- [WORK TASK] In the entries below, begin at the line with "black and yellow baseball tee" and stop after the line with "hoofdonderwijzer Overtekenen Ontwaken"; output those lines exactly and omit the pictures.
☆ ☆ ☆ ☆
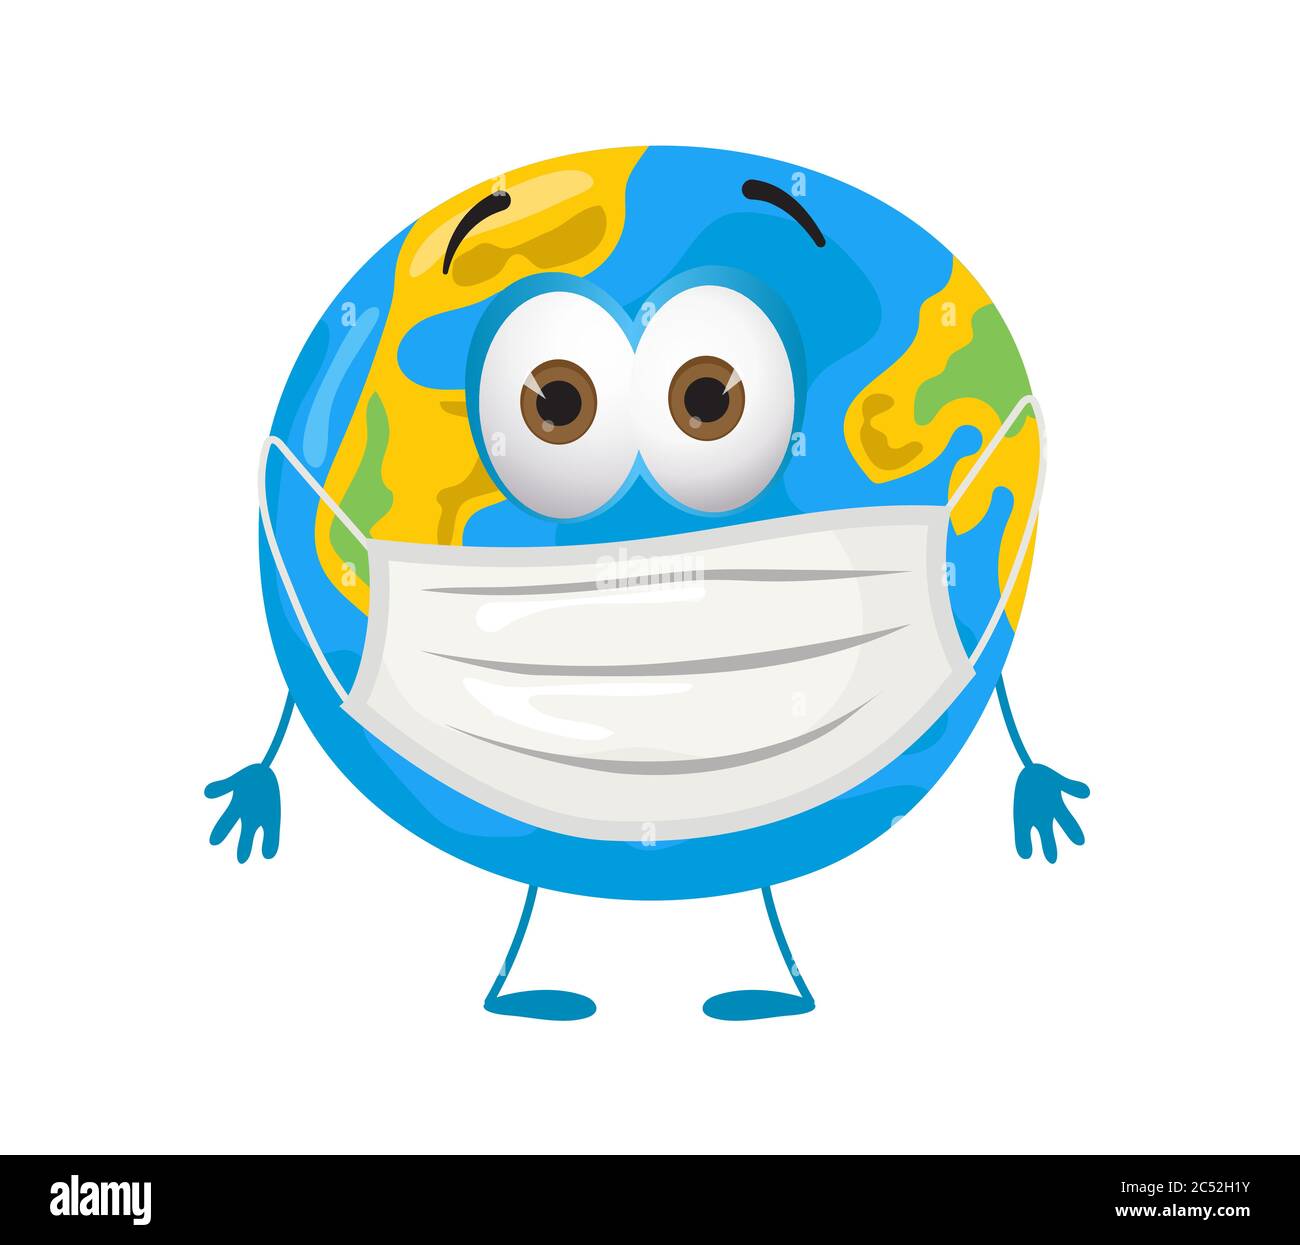 Angst Erde Planet mit Maske wegen Coronavirus Pandemie, moderne flache Vektor-Illustration Stock Vektor
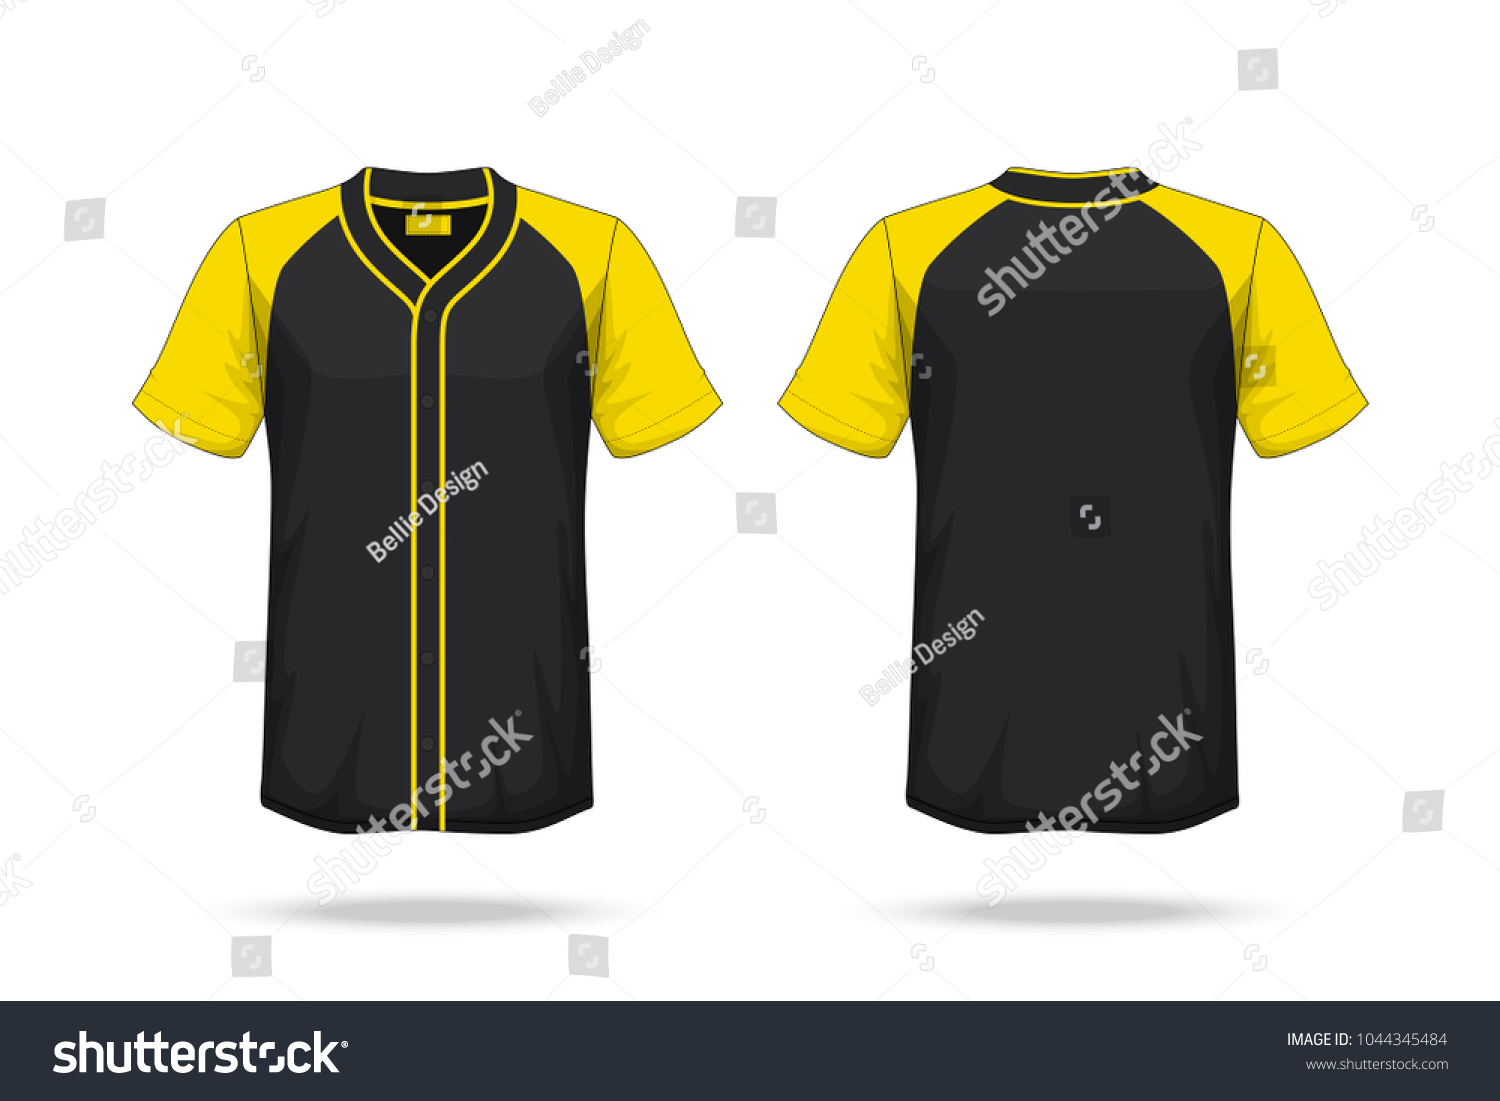 black and yellow baseball tee
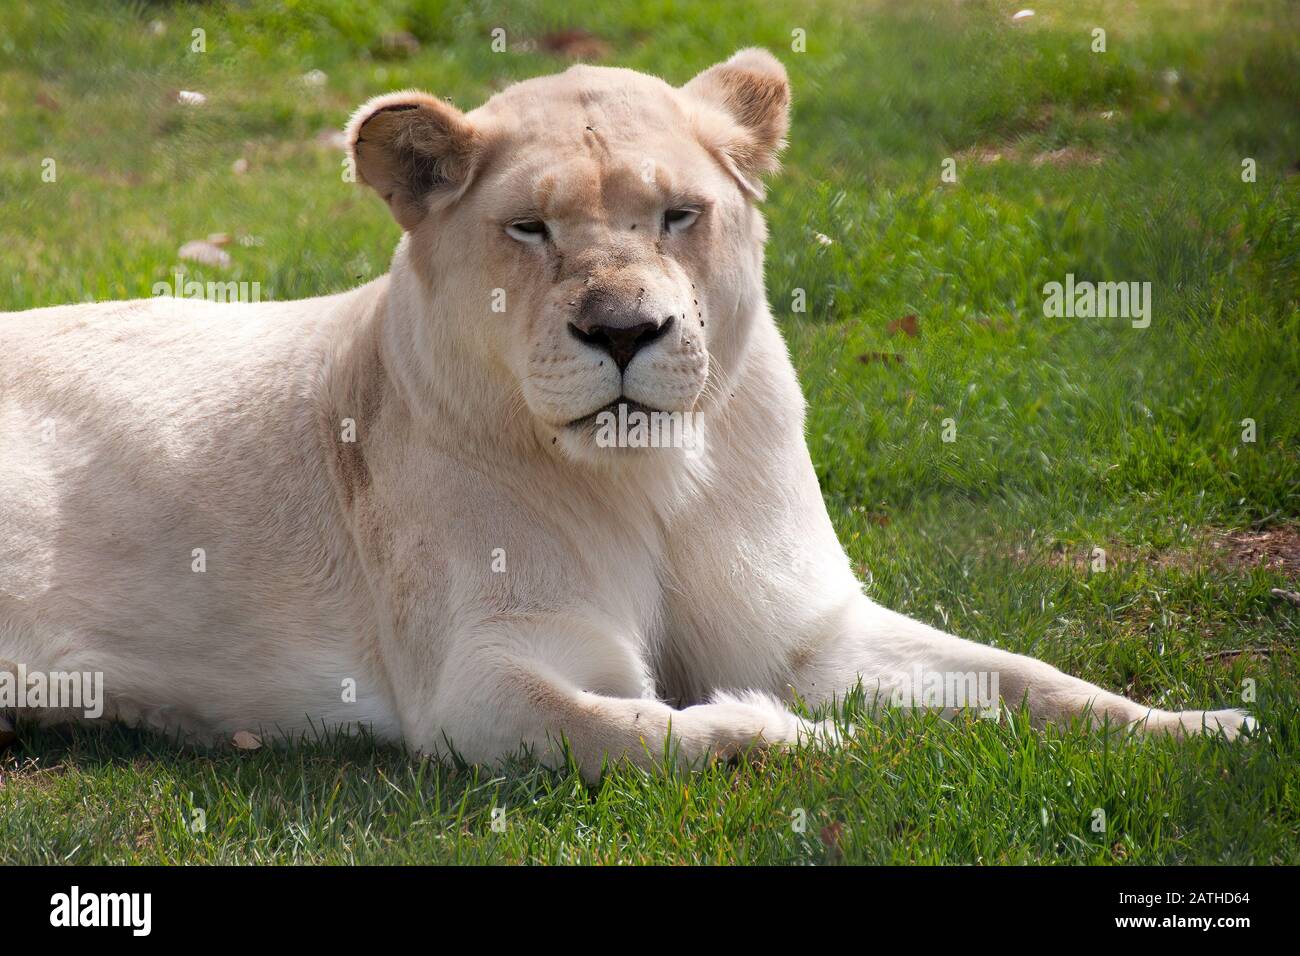 Mogo Australia,  white lioness resting on grass Stock Photo
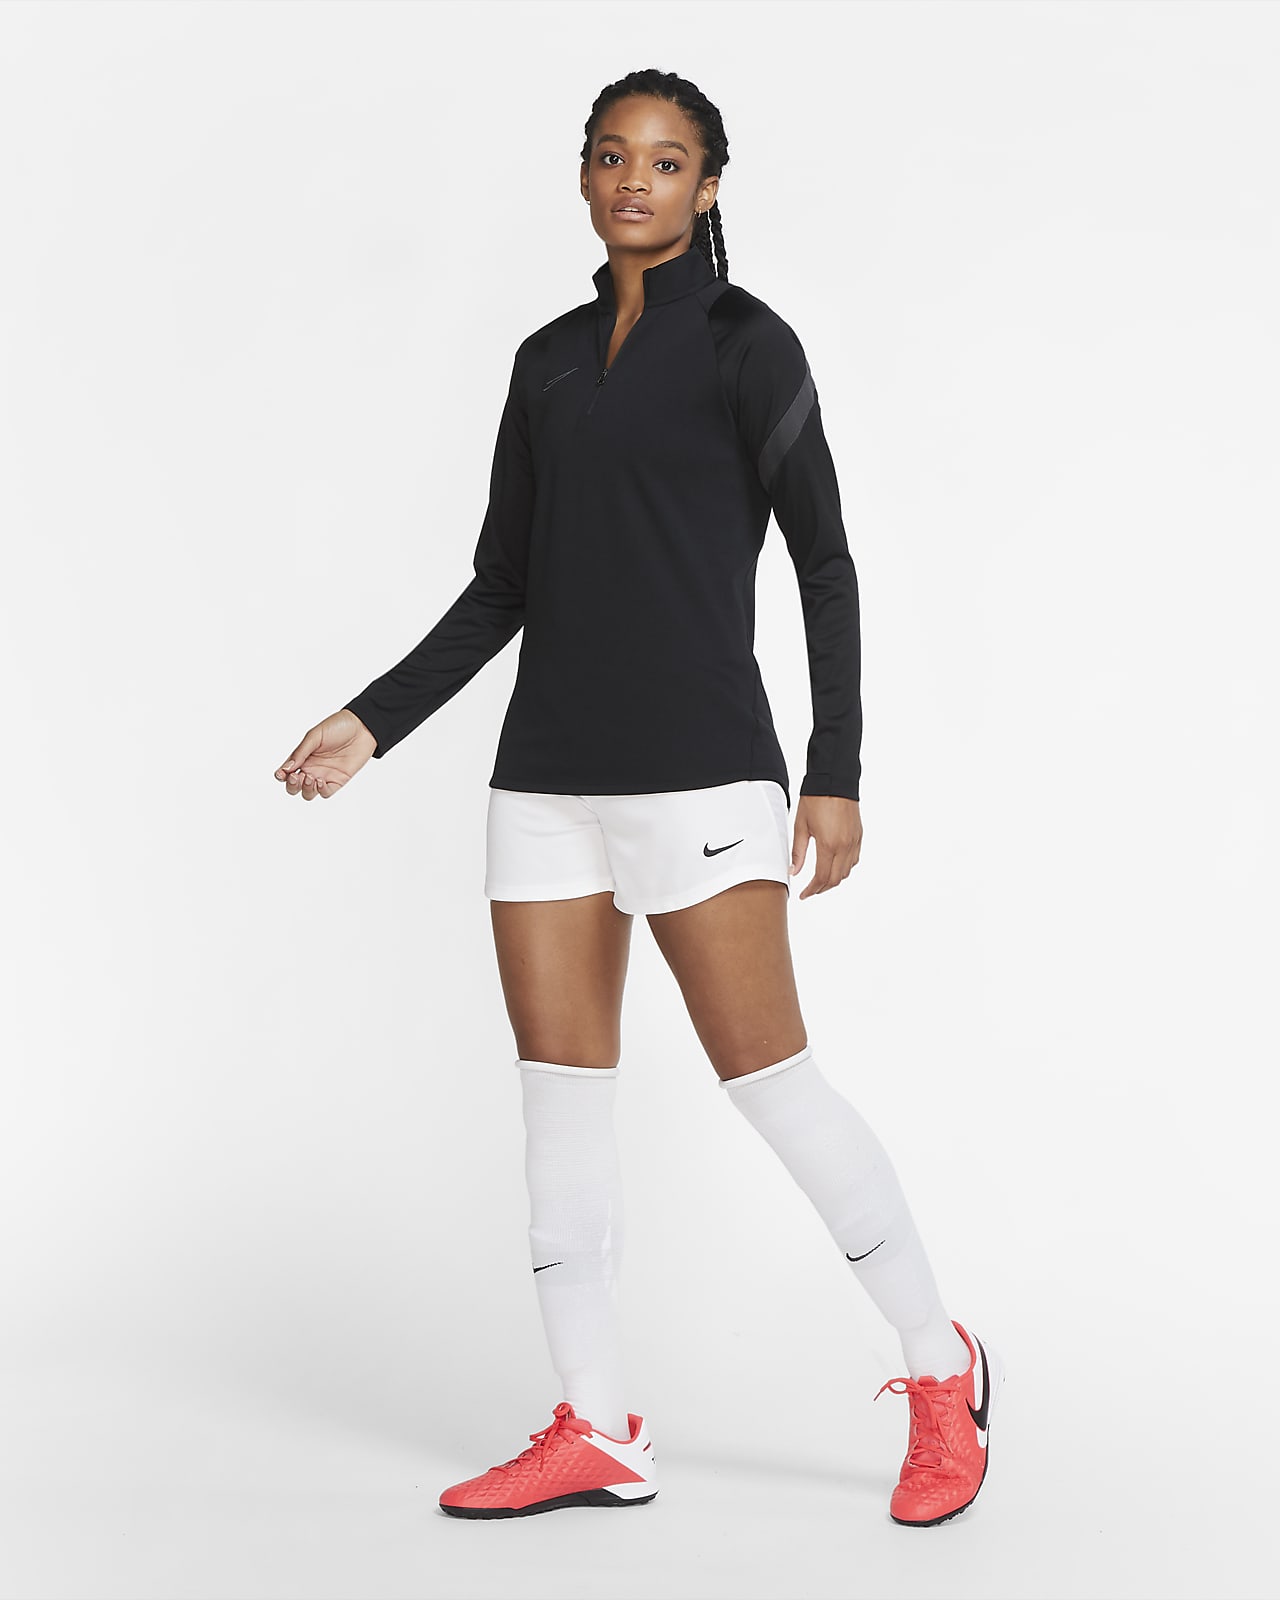 hoofdonderwijzer Overtekenen Ontwaken Nike Dri-FIT Academy Pro Women's Soccer Drill Top. Nike.com
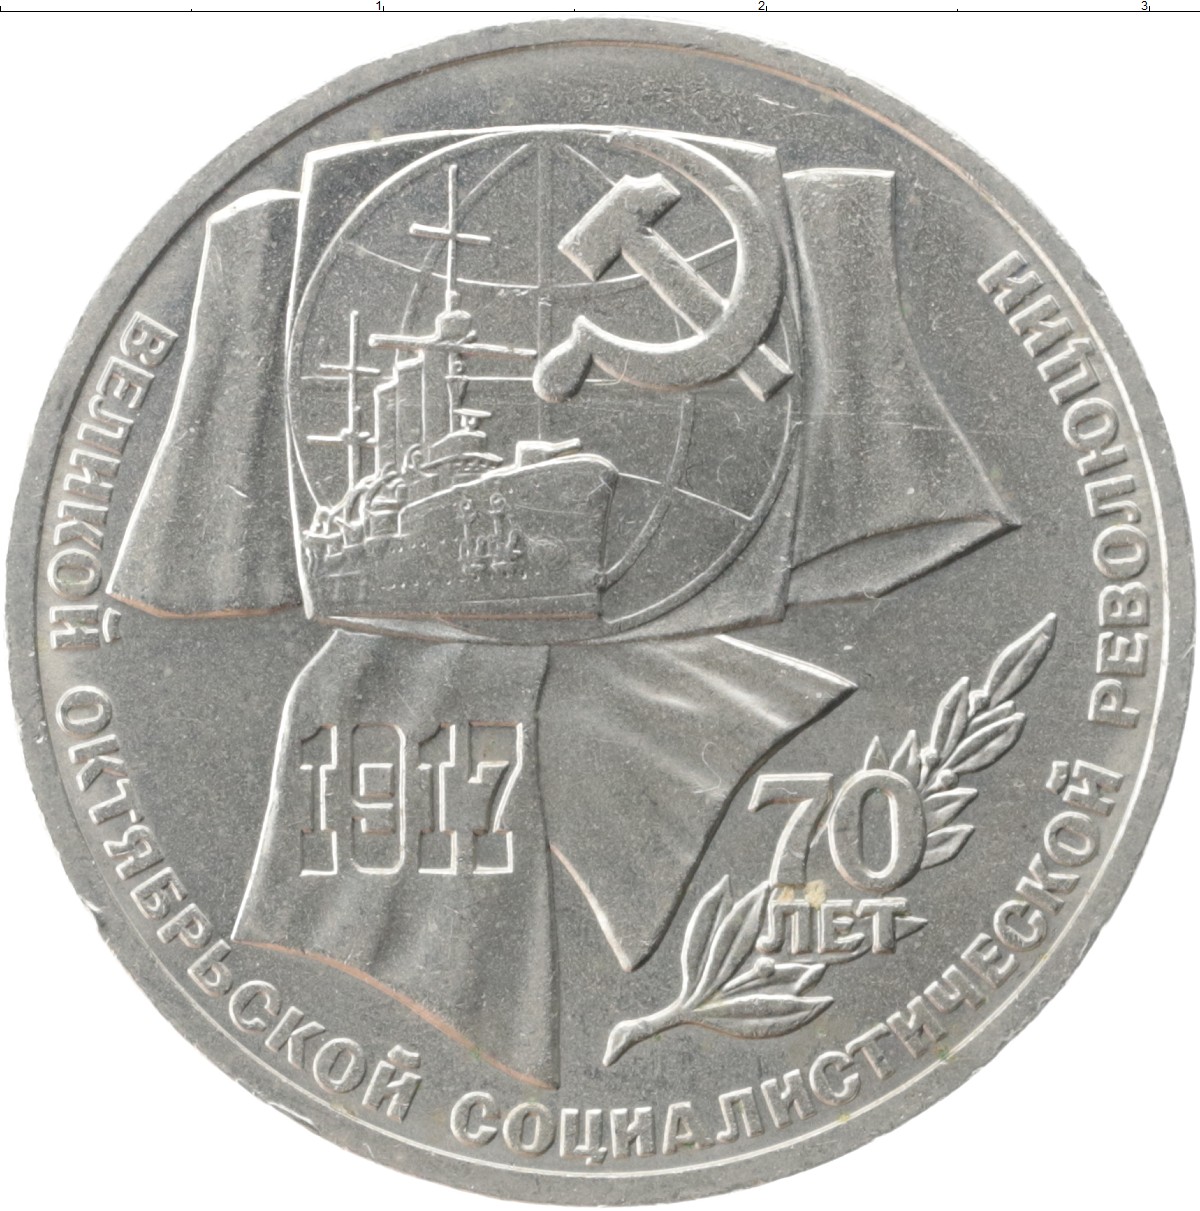 Октябрьская революция монета. 1 Рубль 1987 70 лет Великой Октябрьской социалистической революции. Монеты СССР 1919 года. Первые советские монеты 1919 года. Монета 70 лет Великой Октябрьской социалистической революции цена.
☆ ☆ ☆ ☆
- [EXPECTED OUTPUT]
 black and yellow baseball tee
 Mogo Australia,  white lioness resting on grass Stock Photo
 hoofdonderwijzer Overtekenen Ontwaken Nike Dri-FIT Academy Pro Women's Soccer Drill Top. Nike.com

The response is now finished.